本日予約が開始される「iPhone X」と、既に発売されている「iPhone8/8 Plus」には最新のプロセッサ、A11 Bionicが搭載されています。このプロセッサを独占受注しているTSMCは次世代iPhone用A12プロセッサを7nmプロセスで2018年第二四半期(7〜9月)に量産開始するようです。
性能向上が著しいiPhone用のAシリーズプロセッサ
既に「iPhone X」と「iPhone8/8 Plus」に搭載されているA11 Bionicプロセッサを独占受注するTSMCとAppleとの間には、親密な関係が築かれてきました。理由としてはやはり、TSMCが製造するプロセッサの性能と安全性をAppleが高く評価しているからでしょう。Appleによる提携先の選別は、非常に慎重で、厳しい基準があります。
例えばA11 Bionicプロセッサに関しては、多くのメディアがベンチマークテストを行いましたが、QualcommやSamusungの自社開発チップよりもTSMCが製造するA11 Bionicプロセッサの方が圧倒的に性能が高いというデータもあります。
さらに、A11 Bionicプロセッサを搭載した「iPhone8」は、2017年のMacBook Proとほとんど同じ処理性能であるとも言われています。また、「iPhone X」に搭載されるTrueDepthセンサーで、捉えられた3D情報をリアルタイムで高速処理することができるのは高性能のA11 Bionicプロセッサのおかげです。
来年の7~9月には7nmプロセスのA12プロセッサが生産開始?
A11 Bionicプロセッサは、10nmプロセスで製造されており、A10プロセッサが16nmプロセスだったことからも、前世代より高密度化が進んでいることが分かります。そして、TSMCは2018年の次世代iPhoneに7nmプロセスのA12プロセッサを搭載するだろうと予想されています。

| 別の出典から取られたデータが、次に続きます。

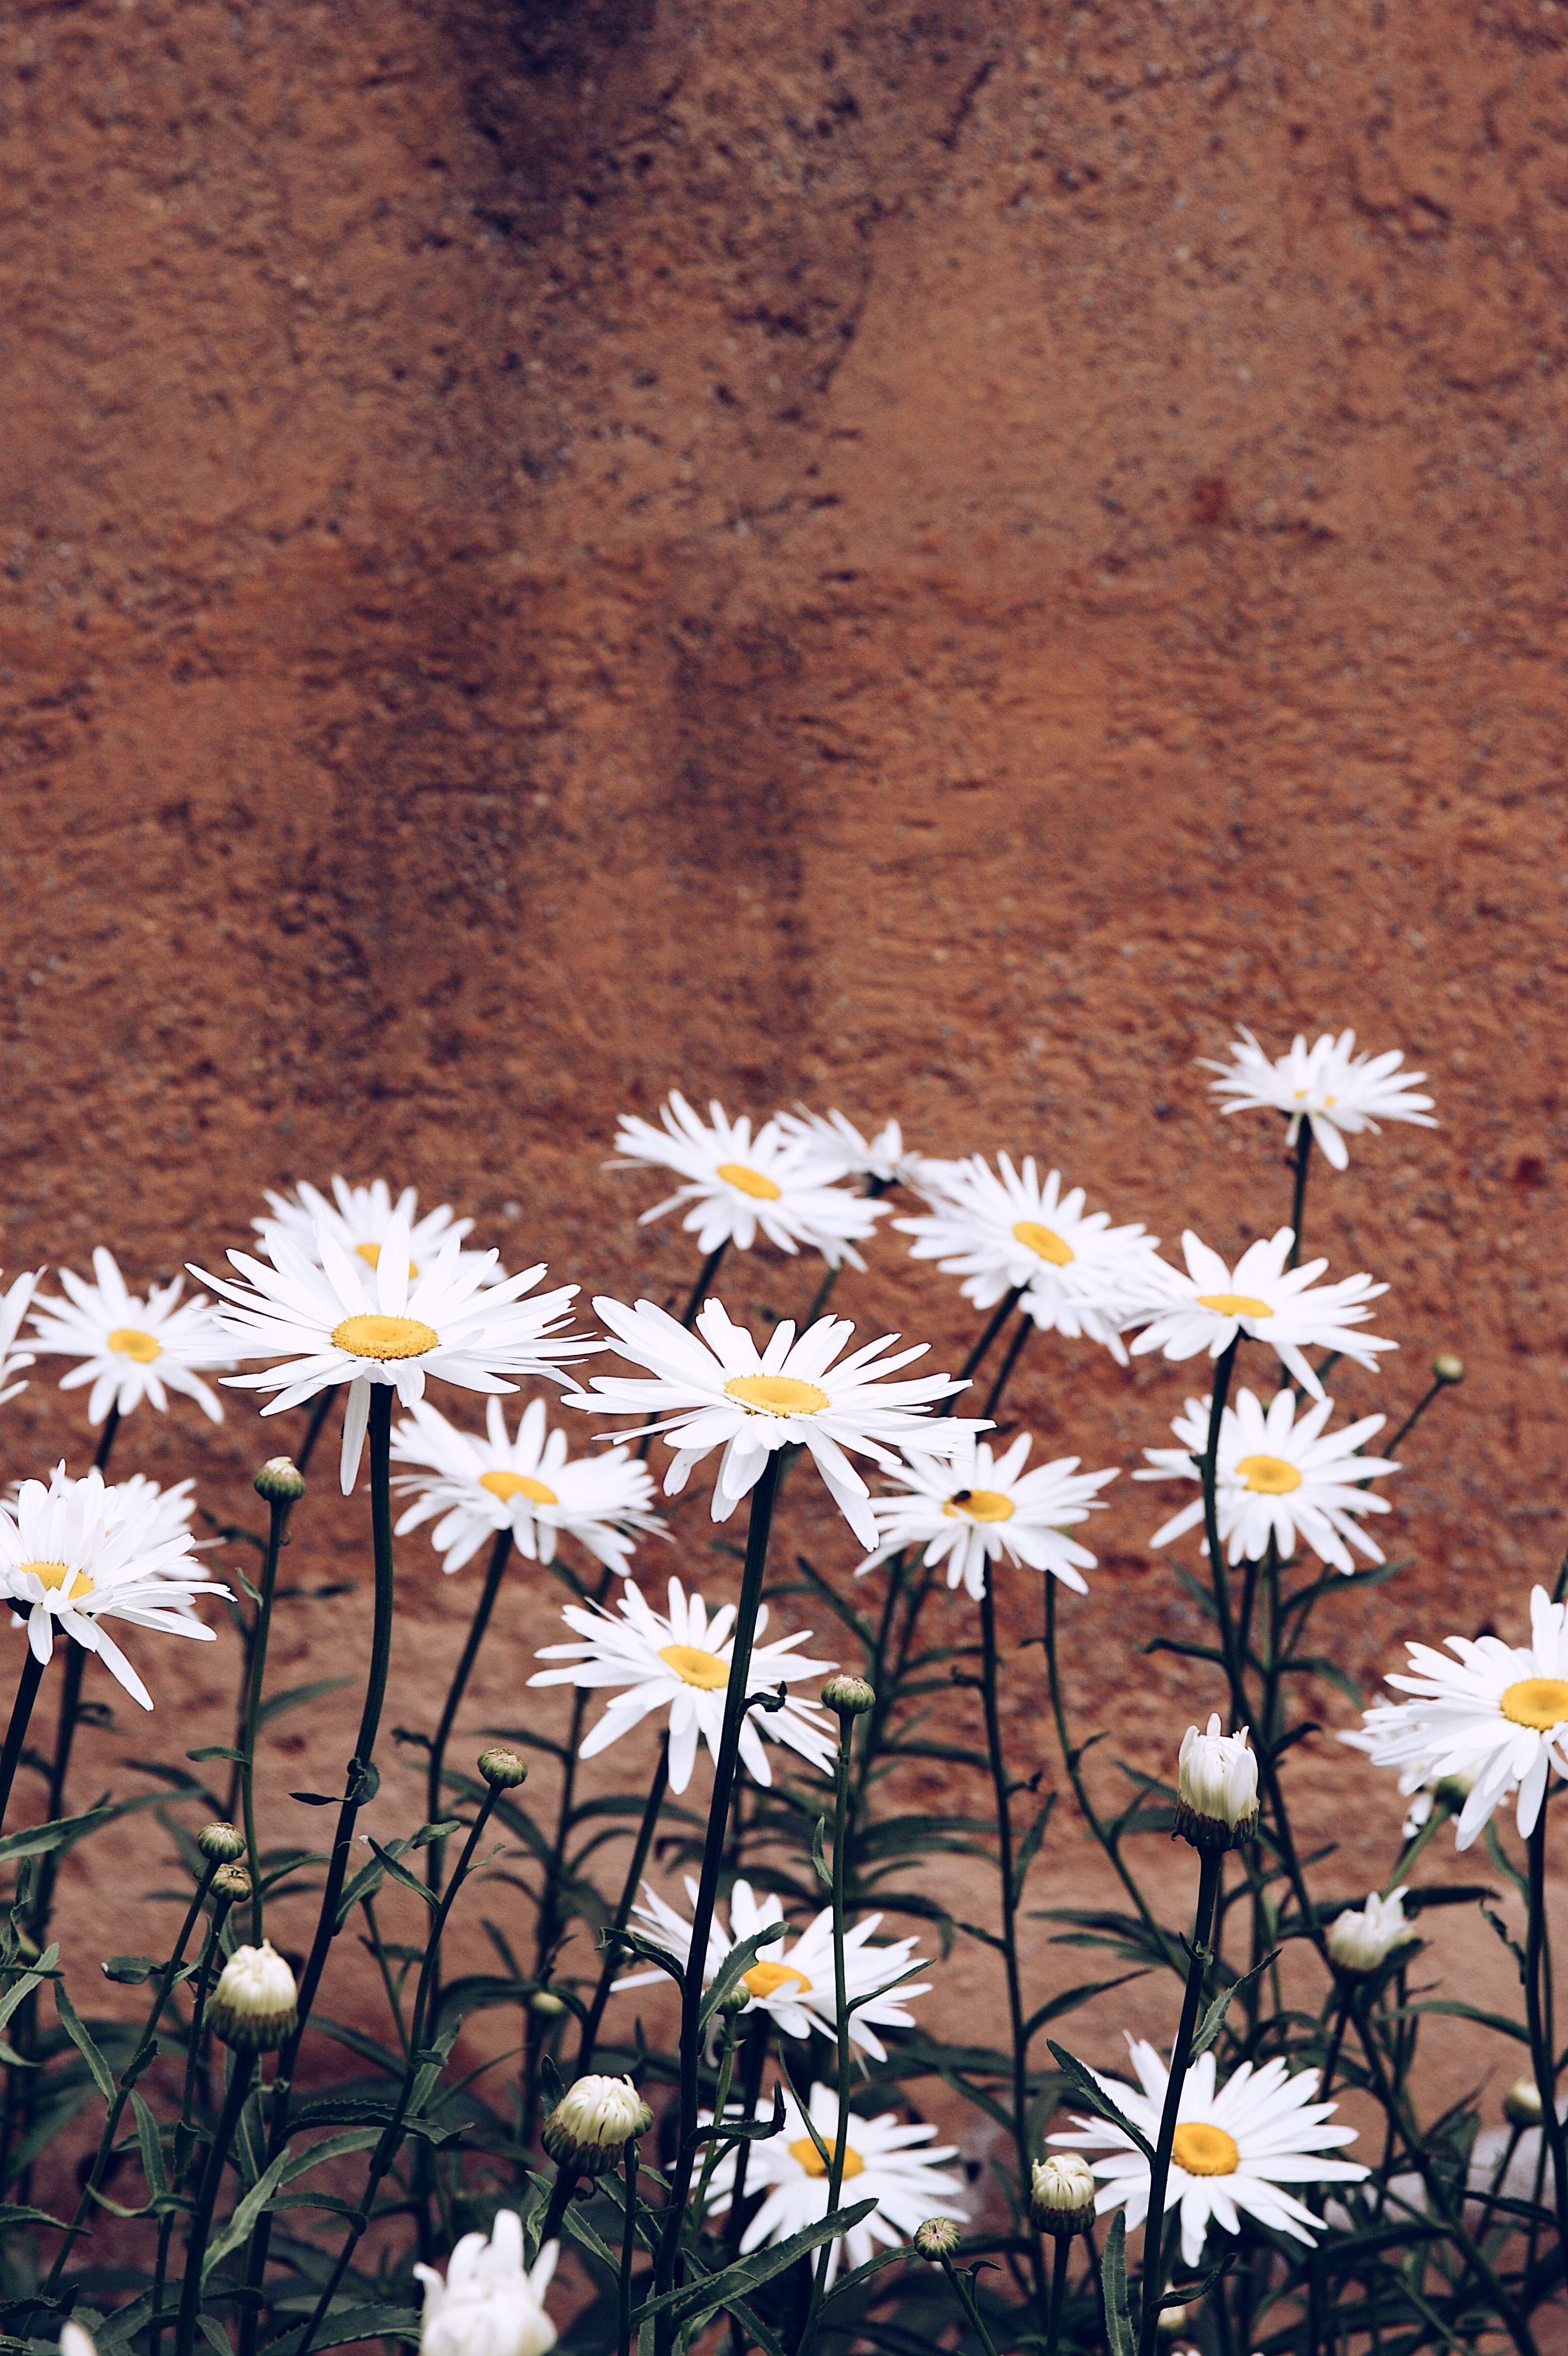 Wallpaper daisies
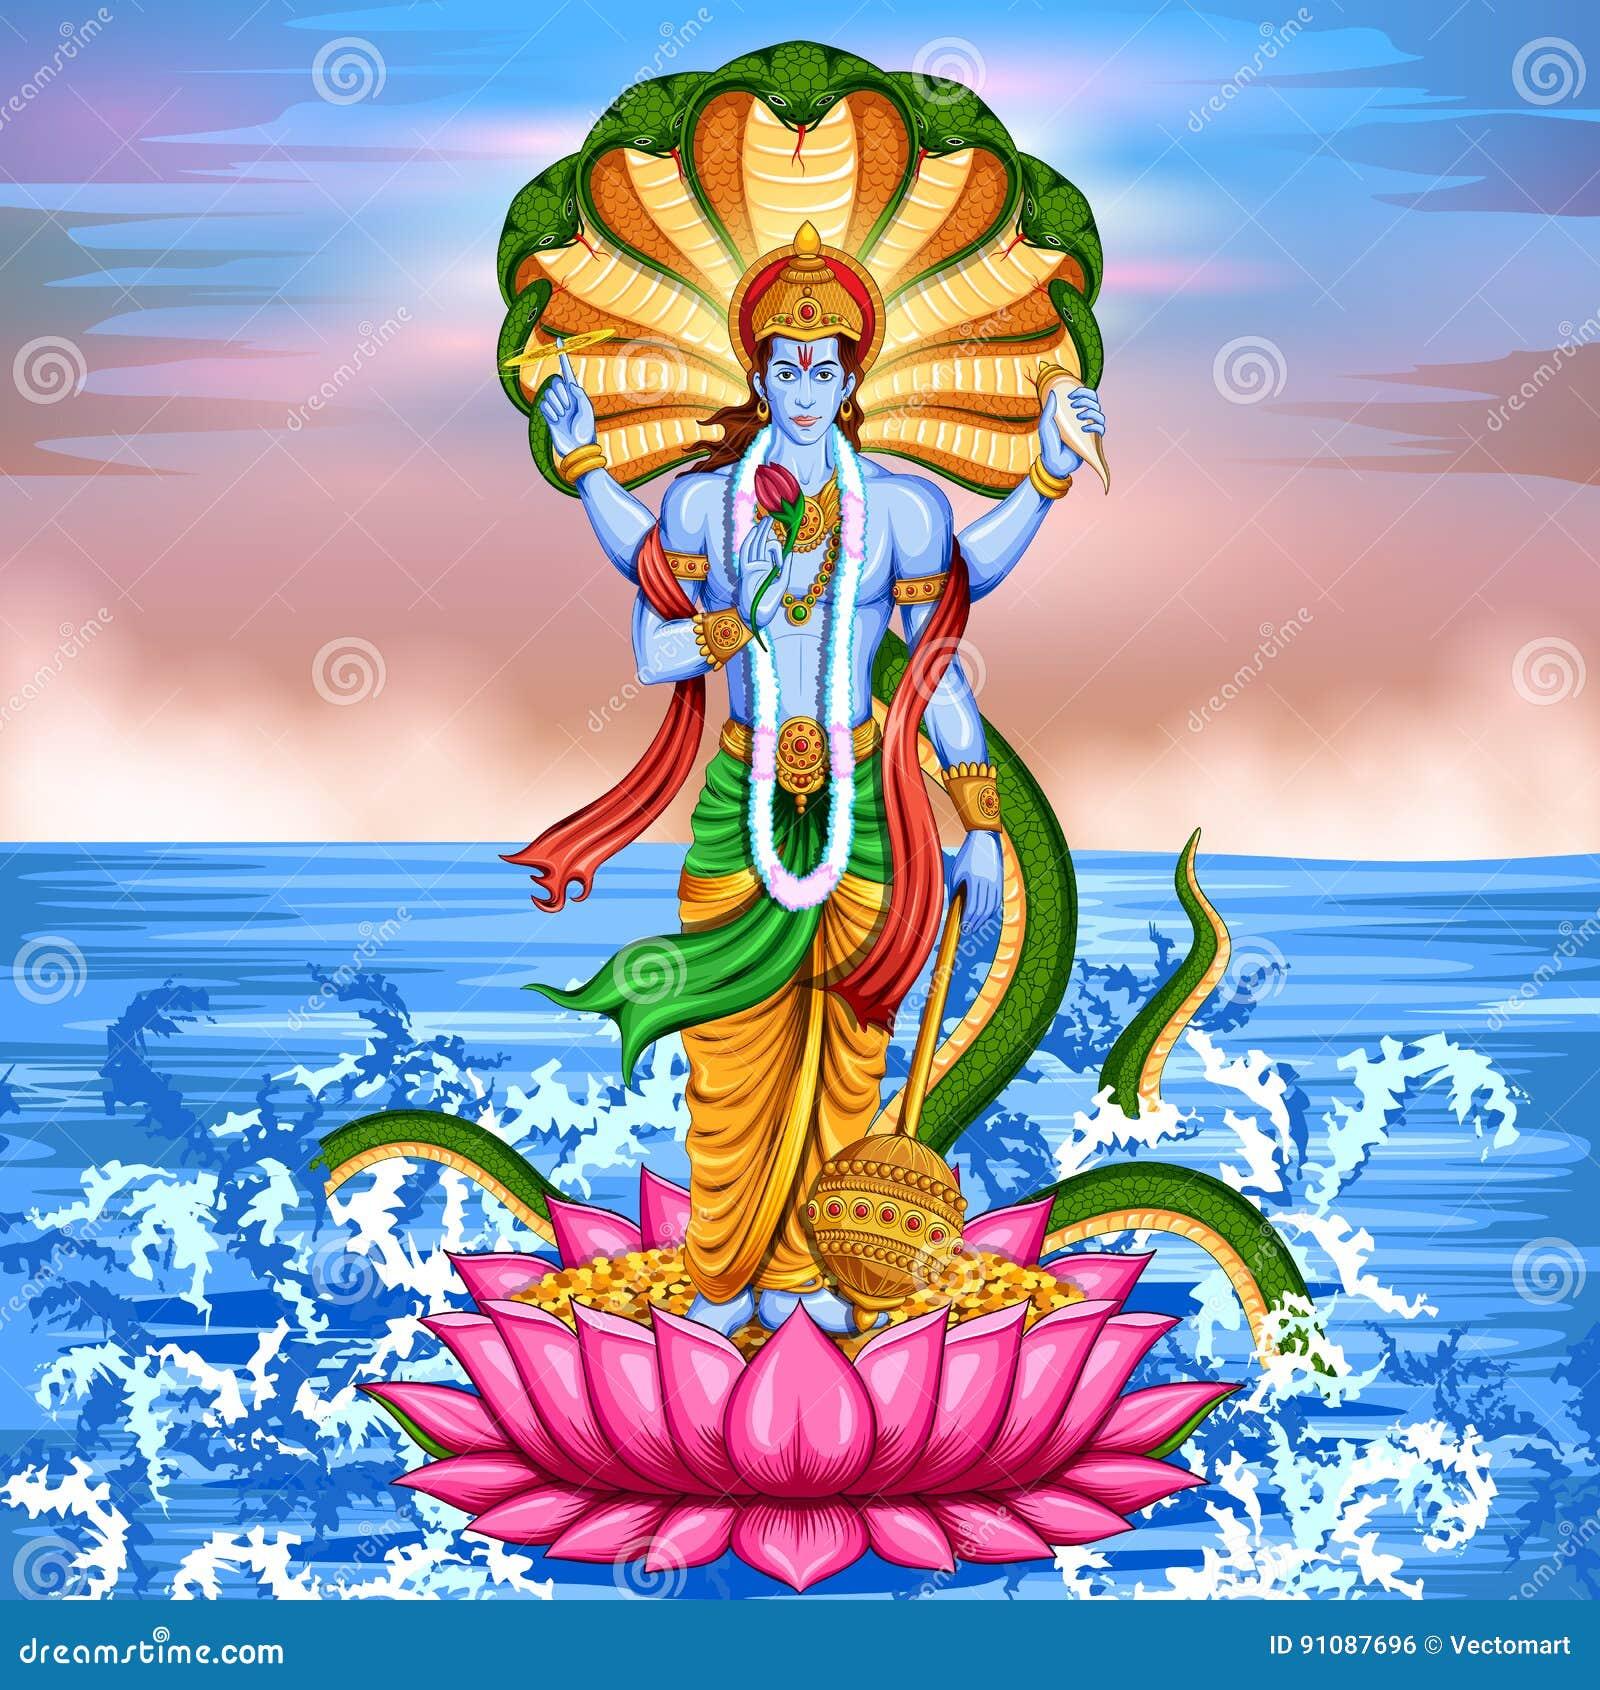 Lord Vishnu Standing On Lotus Giving Blessing Stock Vector

なお、A12プロセッサの製造に関しては、台湾のTSMCと韓国のSamsungが競っていましたが、結果的にTSMCが全ての受注を勝ち取ることができています。AppleのCOOであるJeff Williams氏も、新型のiPhoneとiPadのプロセッサは100%TSMCに出すと伝えていることから、AppleのTSMCに対する信頼が伺えます。
そして、サプライヤー筋からの情報によると、TSMCは2018年の第二四半期にはA12の製造を開始するようです。また、TSMC用に特別に作られたオランダの大手半導体装置メーカーASMLによるEUV(極端紫外線)リソグラフィ装置は、台湾の中部科学工業園区で2018年の第一四半期に完成する予定で、同年第二四半期にはA12プロセッサの製造に使用される予定です。
7nmプロセスということですから、A12プロセッサは性能がかなり向上しているとみられ、動作性能や電力消費性能においてもA11 Bionicプロセッサより高性能となるでしょう。
TSMC会長、「ムーアの法則」は2025年に行き詰まる
そんな中、TSMCの会長であるMorris Chang氏は「ムーアの法則はもはや有効ではない」と語り、プロセッサの処理性能が改善されるペースが落ちることを伝えています。
「ムーアの法則」とは、「半導体集積回路のトランジスタ数は18ヶ月ごとに2倍になり、チップは処理能力が倍になってもさらに小型化が進む」という法則のことです。1965年にIntelのGordon Moore氏が提唱したこの法則は、コンピューターの処理能力向上のペースがいかに早いかを示しています。
しかし、この「ムーア法則」はもう適用できなくなるかもしれないというのです。Morris Chang氏によると、今後8年間、TSMCはトランジスタの密度を上げ続けるつもりですが、2025年にそのペースは行き詰まってしまうようです。
いずれにしよ、既に次世代iPhoneのプロセッサを製造することが決まっているTSMCですが、その処理性能はMorris Chang氏が言うように、8年後までは大きな向上が期待できそうです。しかしもし「ムーアの法則」が2025年に有効でなくなってしまったら、それ以降のプロセッサがどのように進化を遂げるのかはまだ私たちには分かりません。